Pour ce qui est du pôle avionique, il sera composé de plusieurs plateaux techniques, d'un atelier de batterie avion, de salles de navigation et de plusieurs laboratoires (câblage, électrique, soufflerie, radar/radio et instruments de bords. Il compte notamment utiliser des outils dernier cri comme des lunettes de réalité virtuelle, un simulateur ou de la réalité augmentée.

Équipement spécifique

Willy Bondil, responsable du pôle avionique à Aérocampus et formateur, nous en dit un peu plus sur ce nouveau bâtiment et les perspectives qu'il amorce pour le développement des formations d'Aérocampus. "On y trouvera un atelier électrotechnique dans lequel on va simuler toutes les machines tournantes électriques (génératrices, alternateurs, transformateurs), pas forcément dans la seule spécialité aéronautique, mais aussi un atelier d'entretien des batteries, qui pourra probablement déboucher sur des formations spécifiques. Le laboratoire soufflerie, lui, sera monté en accord avec d'autres écoles, il devrait disposer de quatre ou cinq bancs. Le bâtiment comportera également un espace polyvalent d'une centaine de mètres carrés, sur deux étages, dans lequel on pourra mettre un moteur équipé et des morceaux d'avion, ce qui pourra intéresser les industriels pour apprendre aux élèves formés les bons gestes.
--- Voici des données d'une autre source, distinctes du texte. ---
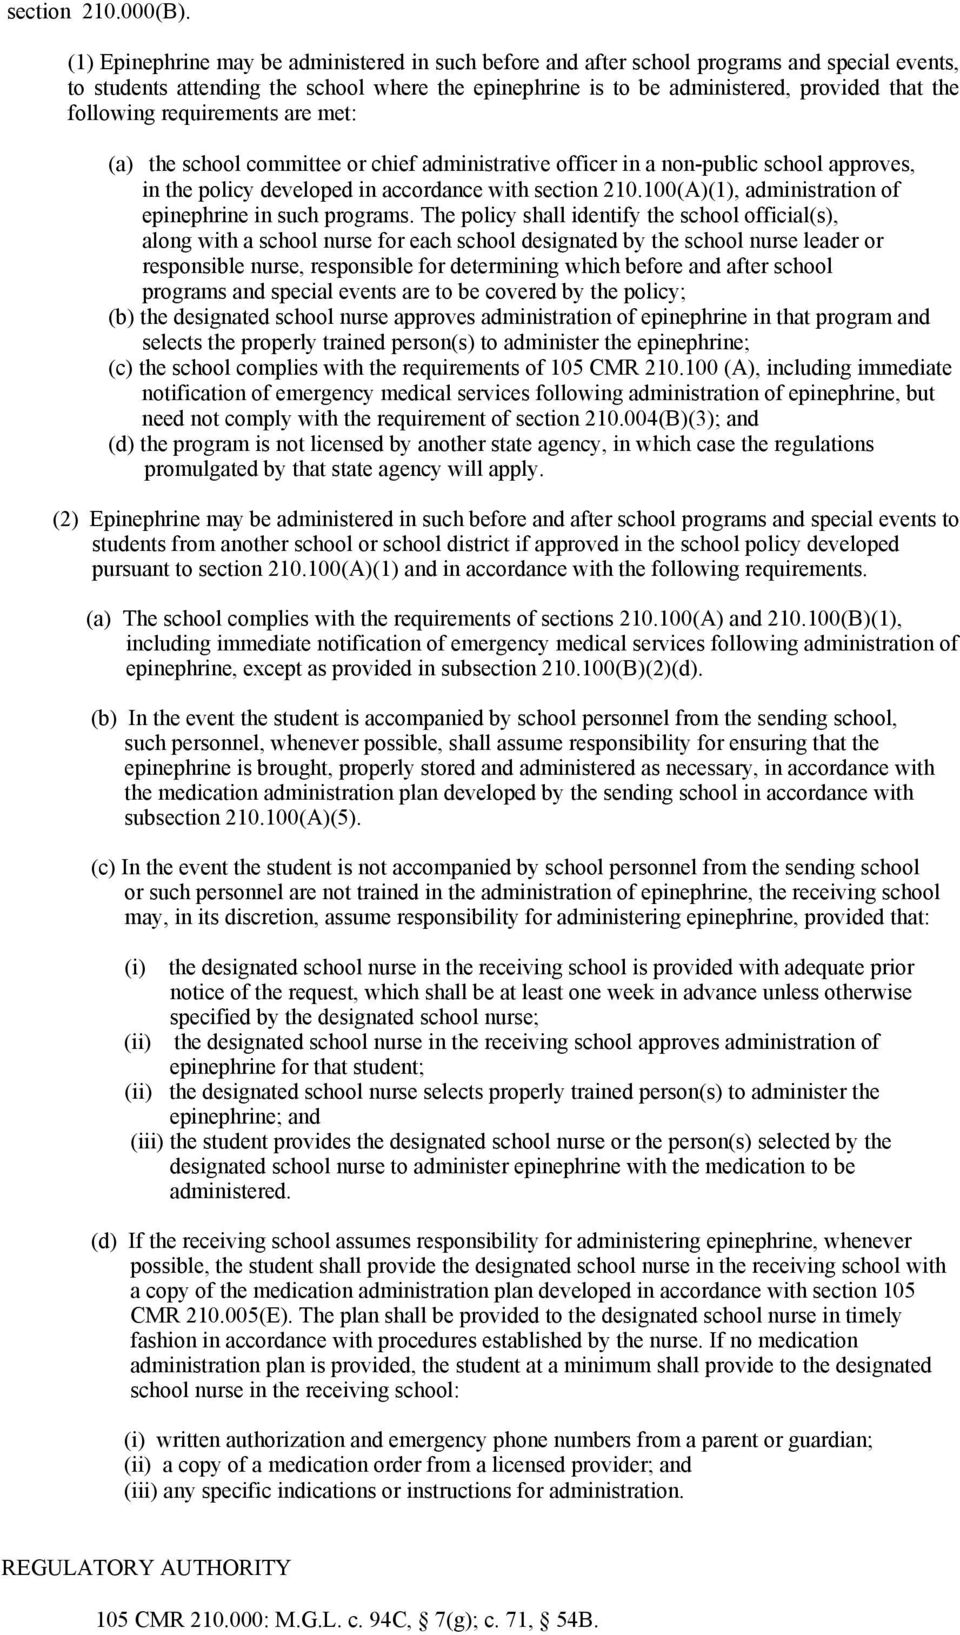 following requirements are met: (a) the school committee or chief administrative officer in a non-public school approves, in the policy developed in accordance with section 210.

On va s'intéresser aussi à l'activité cabine, peut-être qu'un jour des personnels de cabine pourront venir s'entraîner à passer leurs qualifications pratiques". L'activité cabine a par ailleurs déjà été mise en avant comme un axe stratégique de développement par le directeur de Sabena Technics lors de l'inauguration récente d'un tout nouveau hangar à Mérignac.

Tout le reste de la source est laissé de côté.